Like anyone else, I have lots of different sides to my personality, and I think it's really easy to lose sight of this living in the insular world of academia. This is especially true for me since I'm single (no partner with an outside/nonacademic life) and since I live in a college town where it's not easy to meet non-academic friends.

Being on sabbatical in a cool city in the Pacific NW (very far from my midwest college town) last semester gave me a chance to meet and hang out with people who have nothing at all to do with academia. Upon first returning to my job, I felt sort of like I left a part of myself there--since here I'm mostly just a professor, whether I'm "at work" or socializing with other folks I know through the university.

But recently I started going to a new social-group-thing in the city (and its suburbs) about an hour from here. And what I've discovered is that these other "sides" of myself are still there--they emerge quite easily in nonacademic contexts.
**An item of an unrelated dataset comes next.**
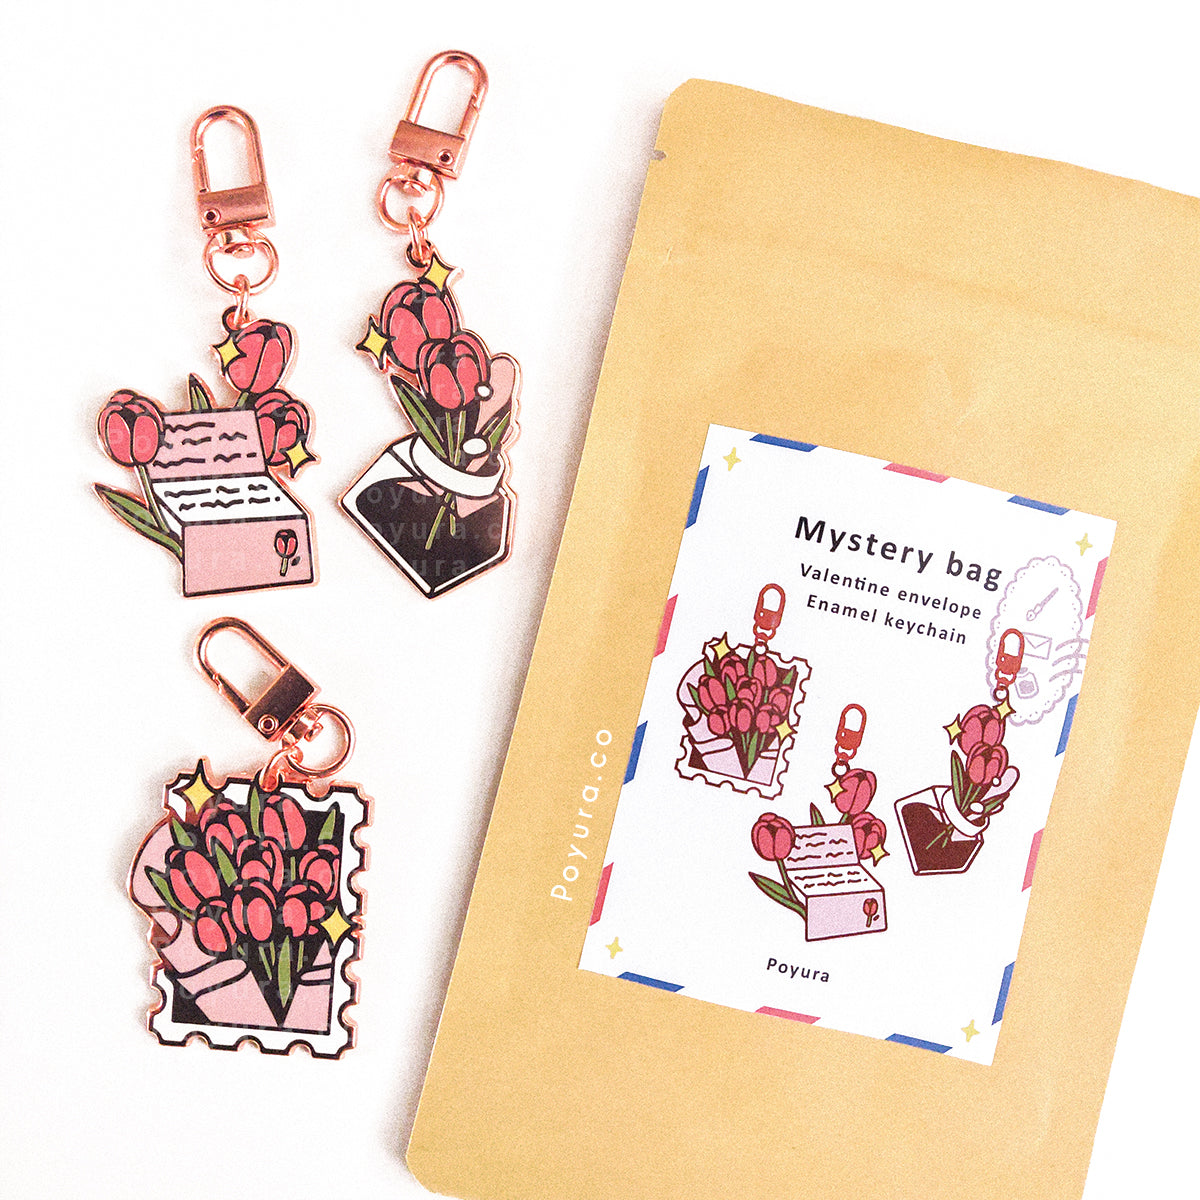 Keychain gacha mystery bag blind bag lucky bag tulip flower bouquet letter penpal pen writing mail ink bottle stamp post valentine's day love heart enamel keychain cute spring pink purple flower floral retro game metal keycharm charm keyring bag makeup bag canvas tote bag deco accessory

And it's been really, really good (and fun!) to be in these other contexts and to remember that I'm more than just what I do on my job... Not that my colleagues or students would say that there's no fun side to me, or even that I'm too serious, but somehow *I* just feel different (in a good way) when there are more different contexts in which to express these different sides...

For some reason your post brought this all to mind, even though the identity issues I'm thinking about aren't really about blogging or being anonymous. I think it's more just about how our jobs can become kind of all-encompassing in ways that go beyond just sucking up all our time.